2. He was a rich man. Even Christ said, "How hardly shall they that have riches enter into the Kingdom of God!" And yet, Zacchaeus, the rich man was saved. Zacchaeus, moreover, was rich through false dealings. He knew how to drive a close bargain. He could legally rob men. He pressed his way over the cry of the impoverished and the needy, and yet, he found mercy. With men it would have been impossible, but with God all things are possible.

3. He was a small man. Of course a man's height has nothing to do with his becoming saved.

Zacchaeus was more than small physically. We take it that he was "small" in his dealings. He was mean and miserly, and yet, Zacchaeus was saved. Certainly if this chief of publicans and of sinners could be saved, all other sinners may safely seek the Saviour.


We would not suggest that the sinner seeks the Saviour before the Saviour seeks the sinner. God must have been working on the heart of Zacchaeus, or else he would not have sought as he sought.

1. Zacchaeus surmounted obstacles. He was but a little man, and he couldn't see because of the press of the crowd: therefore, Zacchaeus climbed a sycamore tree. Obstacles may hinder the halfhearted and discouraged the weak-willed, but they only give zest to those who are dead in earnest.

2. Zacchaeus brooked no delay. We read that he ran before and climbed up into the tree. His opportunity to see Christ would not have tarried. The Lord was passing by and would soon be gone upon His way. Zacchaeus, therefore, redeemed the time; bought up his chance, and did it in a hurry.

3. Zacchaeus was energetic. He climbed the tree. He was in earnest. Have you not read: "Ye shall find Me, when ye shall search for Me with all your heart"? The halfhearted never get anywhere. Gideon and his men were faint, yet pursuing.


1. Christ came to where Zacchaeus was. Our verse says, "And when Jesus came to the place." Is not this true today? Has Jesus not come down from Heaven seeking to save that which was lost? Does He not even stand at this moment at the sinner's heart, asking for admission?
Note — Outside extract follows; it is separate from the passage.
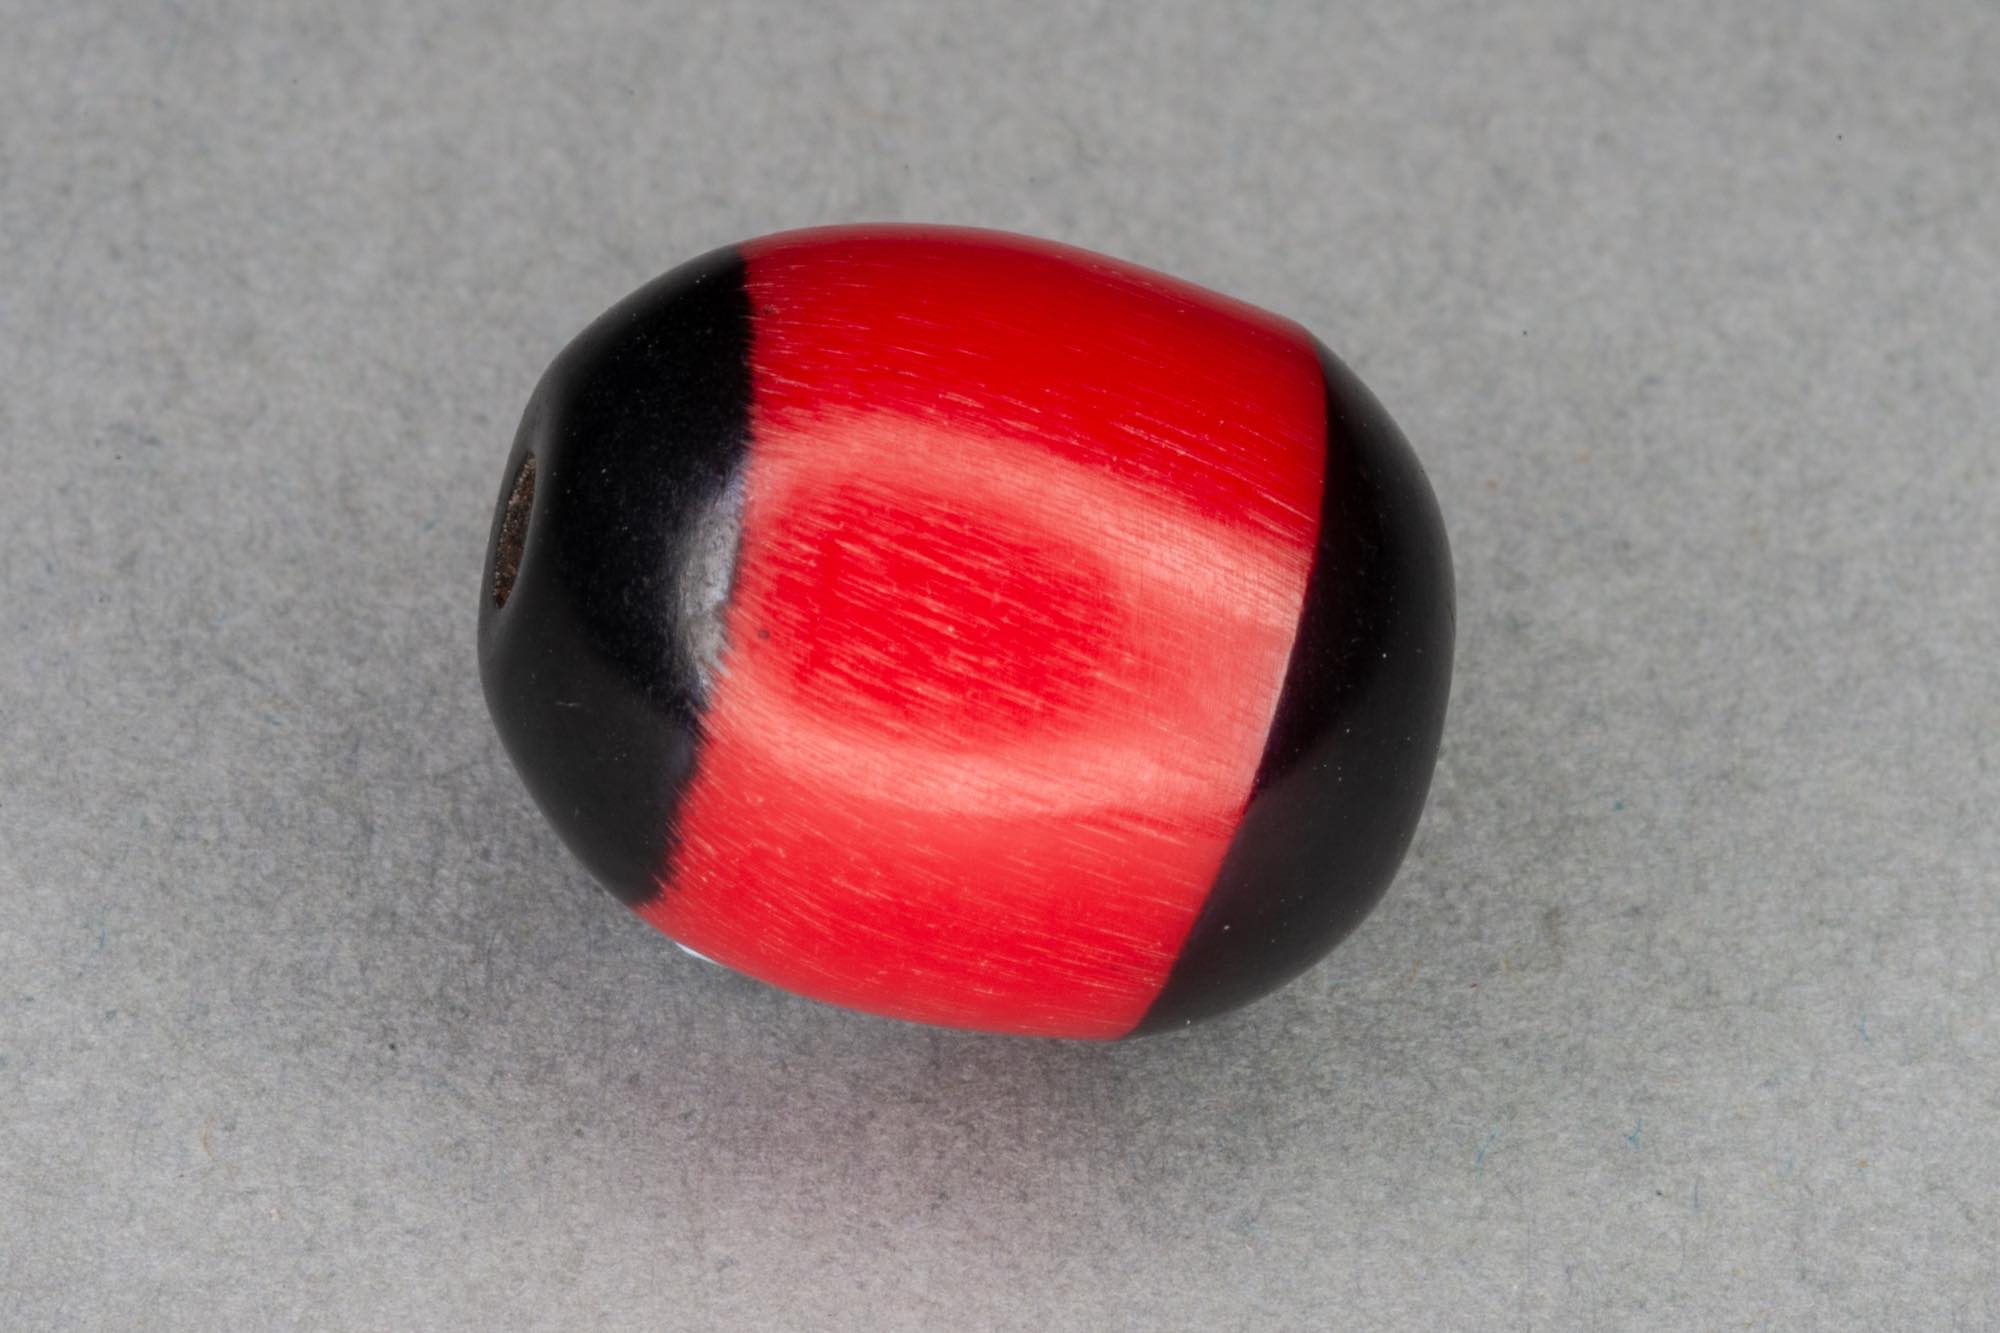 Red Oval Resin Bead With Black Ends, 14x11mm, 1.5mm hole

The one who is searching for Christ could not go to Heaven to find Christ if he wanted to. Thank God, Christ came to him!

2. Christ looked up and saw Zacchaeus. It is all right for the sinner to see the Saviour, and to see in Him the Man of Calvary, the Christ of the empty tomb, and the Lord at the Father's throne. It is, however, just as true that Christ sees the sinner. He sees his need. He sees his desires. He looketh upon the heart.
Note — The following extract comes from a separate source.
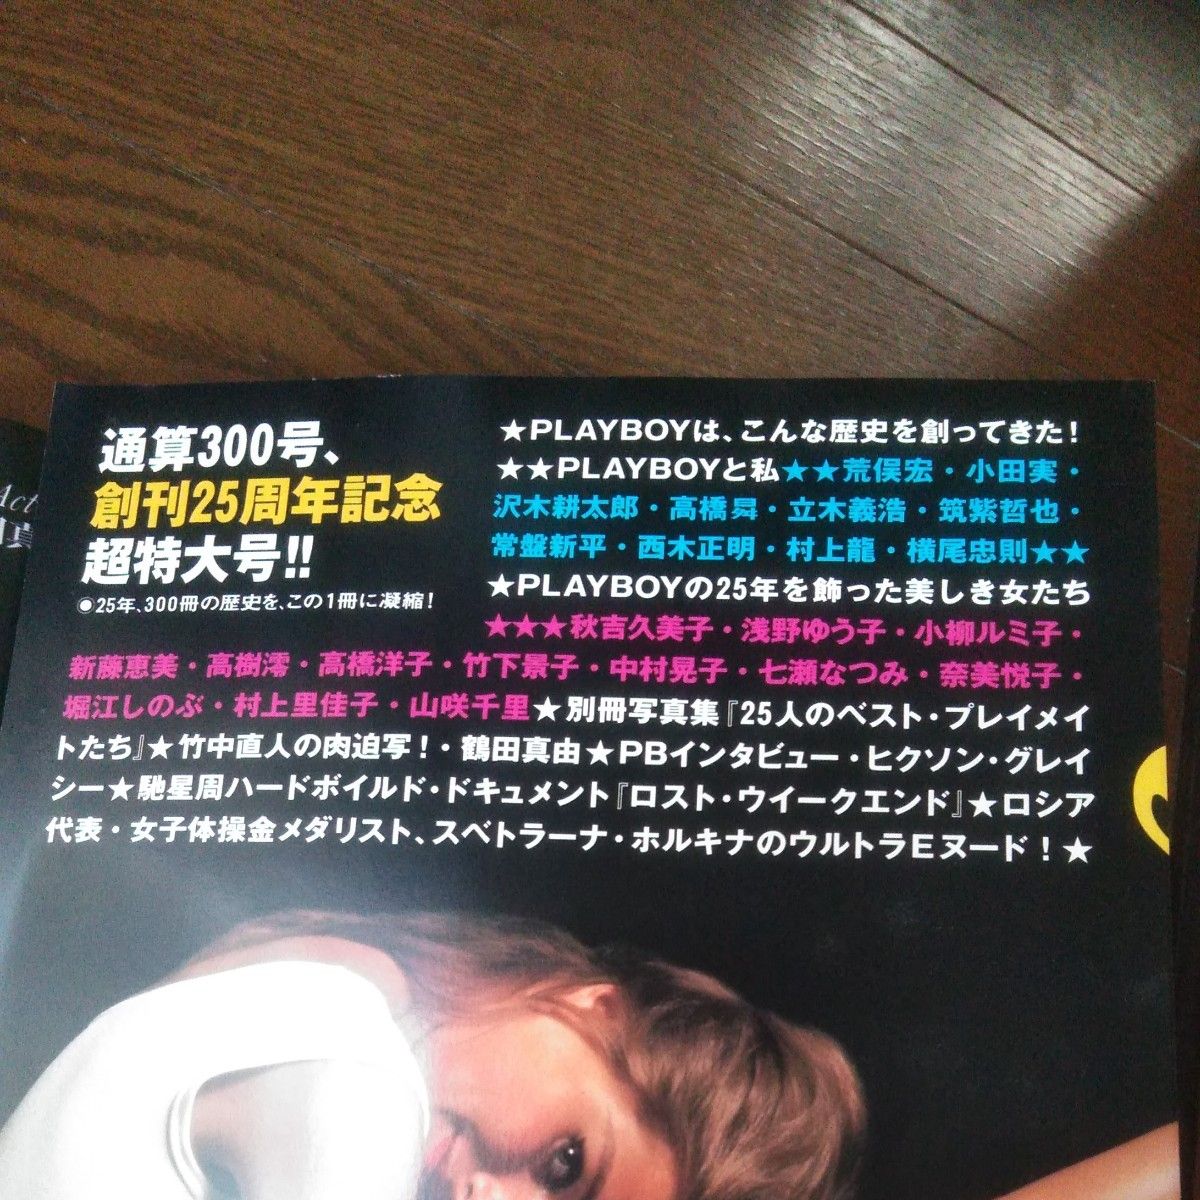 PLAY BOY special issue No.300

3. Christ invited Zacchaeus to come down. With what joy must Zacchaeus, the sinner, have heard the words of Christ, the Saviour, as He said, "Make haste, and come down." The invitations of the Lord are many, and they are as sincere and urgent as they are true.


1. Zacchaeus made haste and came down. We would like, just now, to impress the obedience of faith. We do not think for one moment that Zacchaeus was saved merely by obedience. We believe that back of his prompt action and his readiness to obey, there lay an unmovable faith in the Lord Jesus Christ. Salvation is by faith, and not of works; and yet, the faith that saves is a working faith, or a faith that works. The lame, the halt, the blind, the leper, the demoniac; all believed, all were saved by faith; and yet, in no instance was their faith a dead faith. It was a living, moving, responsive, acting faith.

2. Zacchaeus received Christ joyfully. There are some who have forgotten that with joy we should drink of the waters of salvation. A sinner may weep and mourn over his sin; but, why should he weep when by faith he sees his sins nailed to the Tree, and knows that salvation is his by accepting the Saviour?

We read that on the Day of Pentecost, "they that gladly received his word were baptized." Why not be glad about it? We fear that the one who professes salvation without a thrill of joy, or a sense of peace, has not really comprehended the scope of his redemption.


1. Christ saved him. He said, "This day is salvation come to this house." During the past years of his life Zacchaeus had obtained many financial laurels through much labor and strain: on this day he obtained something worth more than all that he had ever secured through years of toil. In one moment he received salvation, the gift of God. That salvation made him an heir of God, and an inheritor of a city whose streets are of gold; whose walls are of every precious stone; and whose gates are each a several pearl.

2. Christ went to his house. How significant are the words, "I must abide at thy house"!

This is true in the life of every believer. When we are saved the Lord, through the Holy Spirit, takes up His abode with us. Christ not only comes in, but He conies in to abide. We may grieve the Lord; we may cause Him to hide His face for a moment; but He will never leave us, nor forsake us.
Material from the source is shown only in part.